标签: python pandas machine-learning linear-regression

我正在python上运行线性回归问题,不幸的是我的代码未显示任何结果。它没有显示任何编译时问题,但也没有提供任何答案。不知道我的计算机是否速度太慢,迭代次数太多或其他。

预期输出值theta 陷入无限循环

代码:

import pandas as p
# Using pandas to read features from our training set
dinit = p.read_csv('train.csv')
df = p.read_csv('train.csv')

b = list([df['crim'],df['zn'],df['indus'],df['chas'],df['nox'],df['rm'],df['age'],df['dis'],df['rad'],df['tax'],df['ptratio'],df['black'],df['lstat'],df['medv']])

bmean = [0,0,0,0,0,0,0,0,0,0,0,0,0,0]
# Calculating mean
for i in range(14):
    for j in range(333):
        bmean[i] += b[i][j]
for i in range(14):
    bmean[i] /= 333
bsigma = [0,0,0,0,0,0,0,0,0,0,0,0,0,0]
# Calculating standard deviation
for i in range(14):
    for j in range(333):
        bsigma[i] += (b[i][j]-bmean[i])**2
for i in range(14):
    bsigma[i] = (bsigma[i]/333)**0.5

# NOTE :- Replace 13 and 333 with dimensions of list+1
# Normalising data
for i in range(14):
    for j in range(333):
        b[i][j] = (b[i][j]-bmean[i])/bsigma[i]

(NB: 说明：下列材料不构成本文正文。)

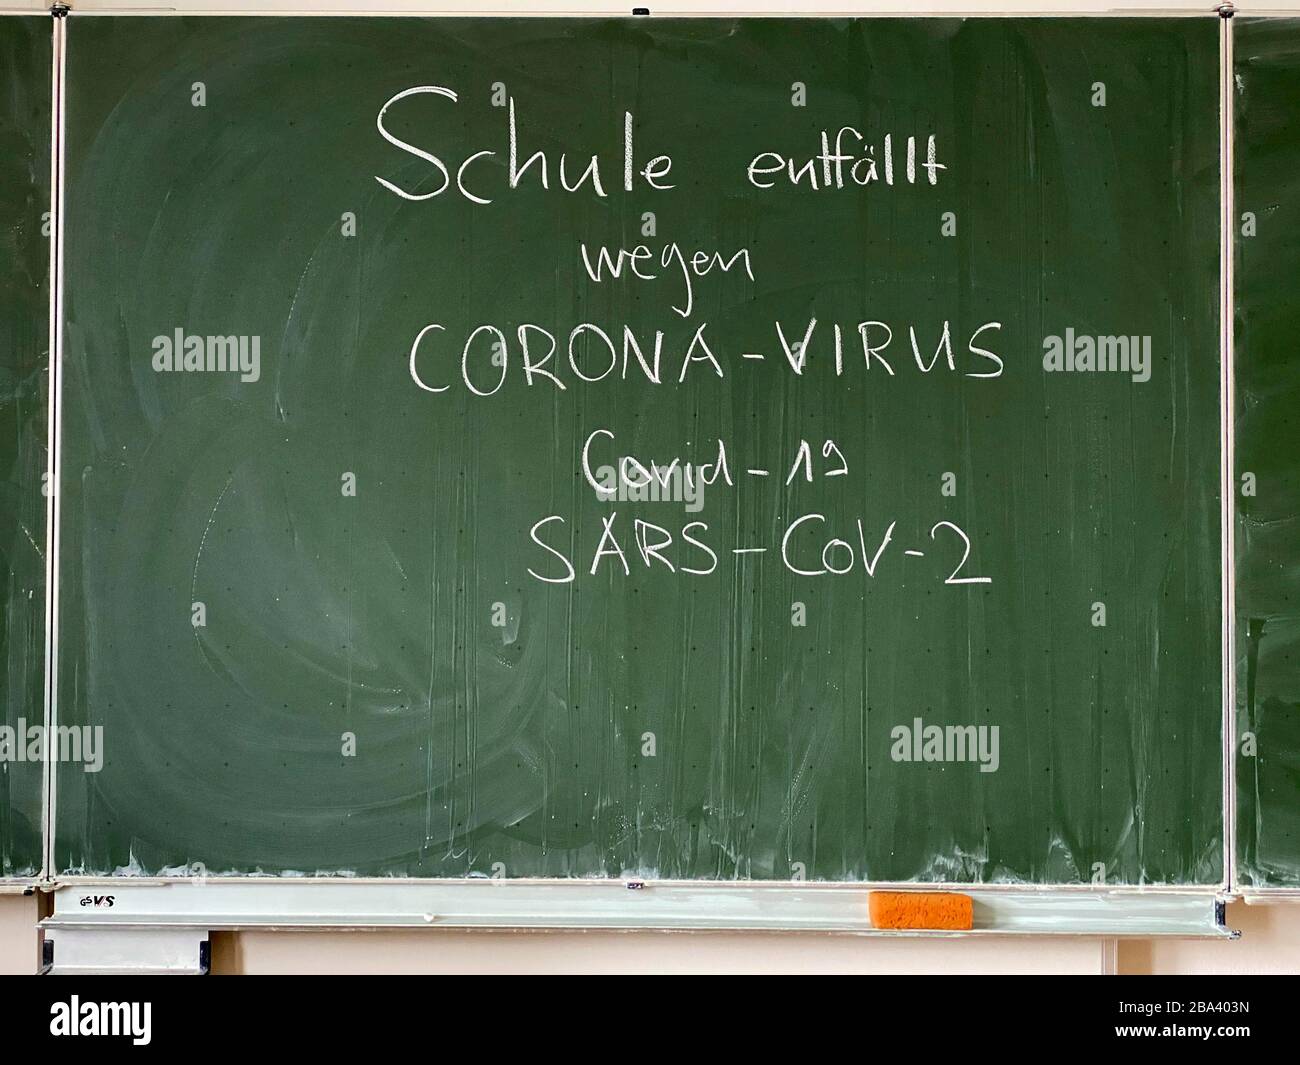 School cancelled due to coronavirus, empty classroom, Germany Stock Photo

theta = [0,0,0,0,0,0,0,0,0,0,0,0,0]


def costfun(theta ,b ):
    hypo = 0
    cost = 0
    y = 0
    for j in range(332):
        for i in range(13):
           hypo+=(theta[i]*b[i][j])
           y += b[13][j]
        cost+=(hypo-y)**2
        hypo = 0
        y = 0
    cost/=333
    return cost

print(b)
def GradientDescent(theta, b):
    alpha = 0.1
    hypo = 0
    cost = 0
    y = 0
    while (costfun(theta, b) > 1):
        for j in range(332):
            for i in range(13):
                hypo += (theta[i] * b[i][j])
                y += b[13][j]
            for i in range(13):
                theta[i] = theta[i]-((hypo-y)*b[i][j]*alpha/333)
    return theta
print(bmean)

print(GradientDescent(theta,b))

1 个答案:

答案 0 :(得分:0)

关于这段代码我要说的太多了,所以让我们从头开始:

0)线性回归的实现方式很多。仅举几例:

  • sklearn.linear_model.LinearRegression
  • scipy.stats.linregress
  • 可能很多,但谁在乎,那是最好的

1)如果您正在做数学运算,请使用numpy ...内置矢量化操作,这将避免您进行许多容易出错的循环。例如,下面是代码的前30行:

import numpy as np

# Generate toy data, mu=10, sigma=5
M, N = 1000, 14
features = np.random.normal(10, 5, size=(M,N))

# Normalise
norm = (features - features.mean(axis=0)) / features.std(axis=0)

# Initialise theta
theta = np.zeros(N)

(另外,我应该说,对于熊猫来说,相同的操作几乎可以完成,所以为什么还要麻烦使用列表?)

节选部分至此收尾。